Text to Music Generator App
This post is a description of a mini-project on a FastAPI app that let’s you generate music from just text alone. It takes lyrics as text input and will generate music based off of that, but it goes beyond that a bit by first letting you generate lyrics by describing the type of music you’d like to listen to.
Credits go to Anytime AI for the original project, and this is just a modified/extended version of it. The way it works is:
- The user will enter a description of the type of music they want to listen to.
- Then we will use OpenAI to generate lyrics with a custom prompt in the backend.
- This will enter into another text box for the user to see the lyrics and they can edit them.
- Alternatively, the user can skip to this part and add their own lyrics immediately.
Either way, then we can generate music using the suno-ai/bark model.
The only code to really go over is a short app.py file, so let’s break it down now, but here is the GitHub repo: https://github.com/RavinderRai/Text-to-Song.
FastAPI App
Getting Started
Before we can get started, make sure you have a .env file with an OpenAI API key ready. You will also then need to get an API key from replicate, which will be free initially (see the suno-ai/bark model link above).
Then, here are all the imports you’ll need.
import os
from dotenv import load_dotenv
import replicate
from openai import OpenAI
from fastapi import FastAPI, Form, Request
from fastapi.responses import JSONResponse
from fastapi.staticfiles import StaticFiles
from fastapi.templating import Jinja2Templates
First, here is the easy part of the code to get us started. It simply creates the FastAPI app and loads our environment variables. It also get’s out html template going for the frontend. We won’t cover that here, but it’s a standard template which you can take from the GitHub repo and modify for your own project.
app = FastAPI()
load_dotenv()
replicate.api_token = os.getenv('REPLICATE_API_TOKEN')
openai_api_key = os.getenv('OPENAI_API_KEY')
app.mount("/static", StaticFiles(directory = "static"), name = "static")

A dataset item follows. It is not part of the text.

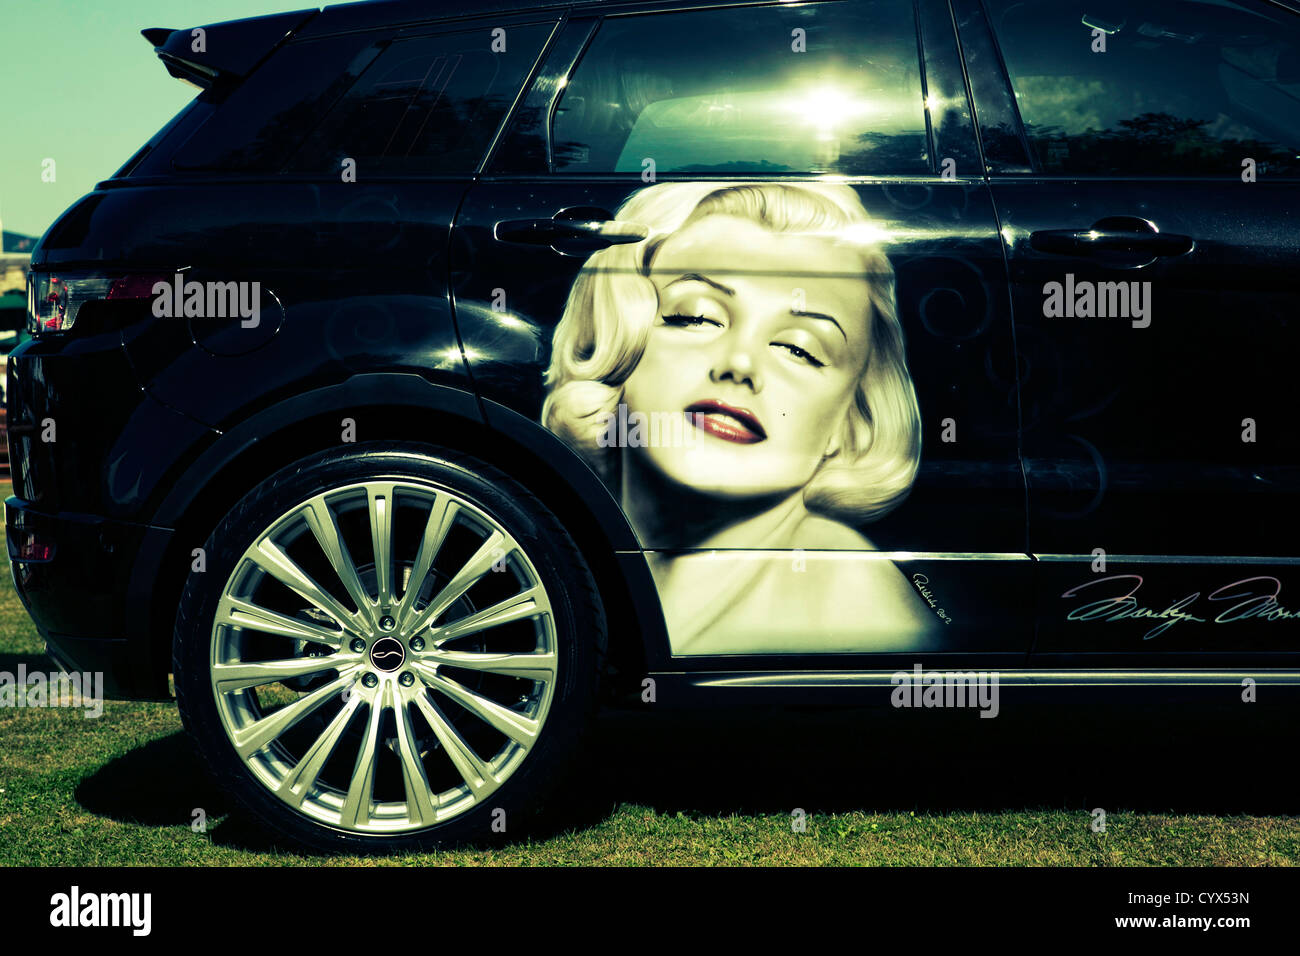 Custom Range Rover Evoque with Marilyn Monroe portrait painting on the rear door Stock Photo
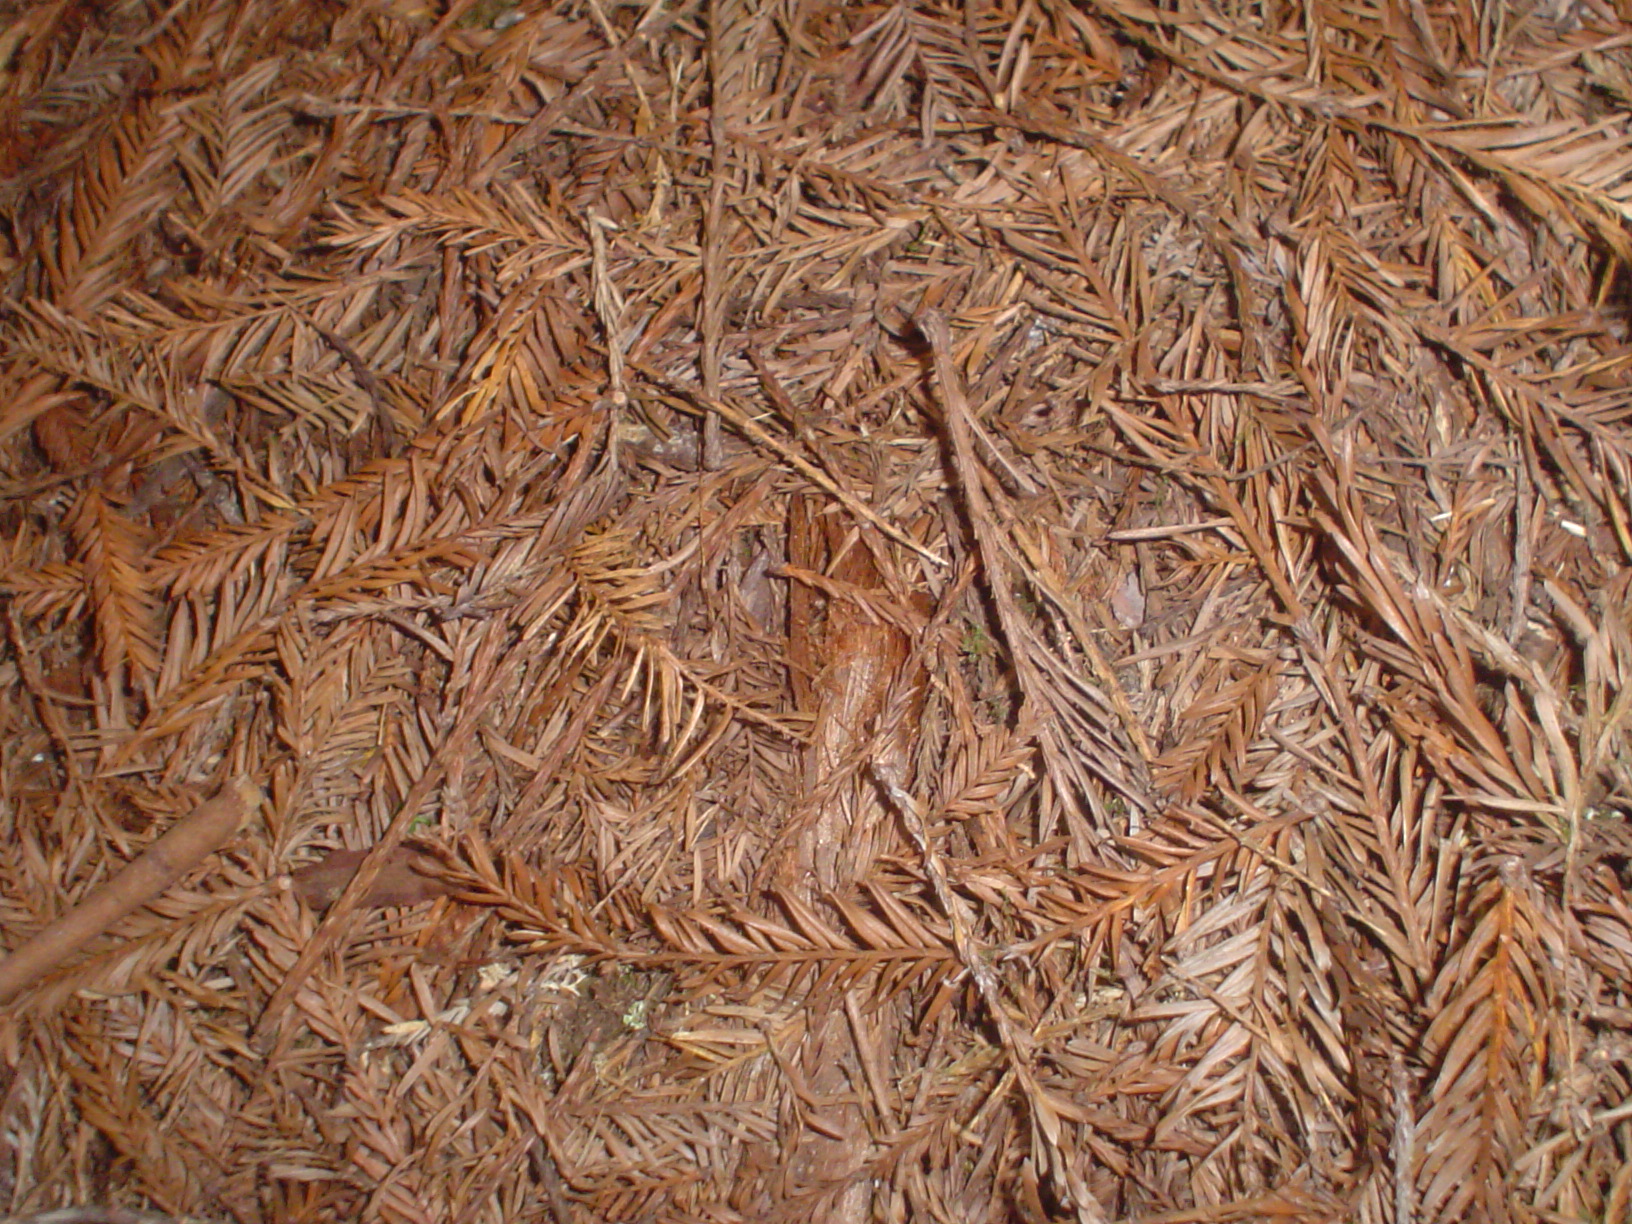 Pine needles-texture by Lill-stock on DeviantArt

templates = Jinja2Templates(directory = "templates")
@app.get("/")
async def index(request: Request):
return templates.TemplateResponse("index.html", {"request": request})
Generating Lyrics
Now we can generate our lyrics. So taking the user prompt, describing the style of music they want lyrics for, we need to prompt OpenAI accordingly. I stuck with Anytime AI’s original prompt:
“You are a music lyrics writer and your task is to write lyrics of music under 30 words based on user’s prompt. Just return the lyrics and nothing else.”
But feel free to modify it. One notable change was the temperature, where I added a slider for the user to decide how creative they want their lyrics to be. This addition can be seen more in the html file, but basically the slider goes from 0-10, with a default value of 5, so we just need to divide it by 10 to get it in the range of 0-1 and we are ready to input it into OpenAI completions function.
@app.post("/generate-lyrics")
async def generate_lyrics(prompt: str = Form(...), temperature: int = Form(...)):
temperature = temperature / 10
client = OpenAI()
response = client.chat.completions.create(
model="gpt-3.5-turbo",
messages=[
{
"role": "system",
"content": "You are a music lyrics writer and your task is to write lyrics of
music under 30 words based on user's prompt. Just return the lyrics and nothing else.",
},
{
"role": "user",
"content": prompt
}
],
temperature=temperature,
max_tokens=50,
top_p=1,
frequency_penalty=0,
presence_penalty=0
)
lyrics = response.choices[0].message.content
lyrics = lyrics.replace("n", " ")
return {"lyrics": lyrics}
And that’s it, we get the lyrics and then put it in the next text box where the user can edit them, or at least see them and generate something else if they like.
Generating Music
Once the lyrics are decided on though, the user will click on the Generate Music button to generate the music (obviously). But we need to do one small step first. Here is the next async function for all of this:
@app.post("/generate-music")
async def generate_music(generated_lyrics: str = Form(...)):
formatted_lyrics = f"♪ {generated_lyrics} ♪" # this is a mandatory thing to get the vocals
output = replicate.run(
"suno-ai/bark:b76242b40d67c76ab6742e987628a2a9ac019e11d56ab96c4e91ce03b79b2787",
input={
"prompt": formatted_lyrics,
"text_temp": 0.7,
"output_full": False,
"waveform_temp": 0.7
}
)
print(output)
music_url = output['audio_out']
music_path_or_url = music_url
return JSONResponse(content={"url": music_path_or_url})
So basically we need the ♪ character to be surrounding the text for the model to work. Otherwise we can run it using the code you’ll find in it’s documentation on replicate.
But that’s it, then the music will generate (it may take some time though), and you can listen to it. Note that it oftentimes still won’t be good, so try different prompts before completely giving up on the model!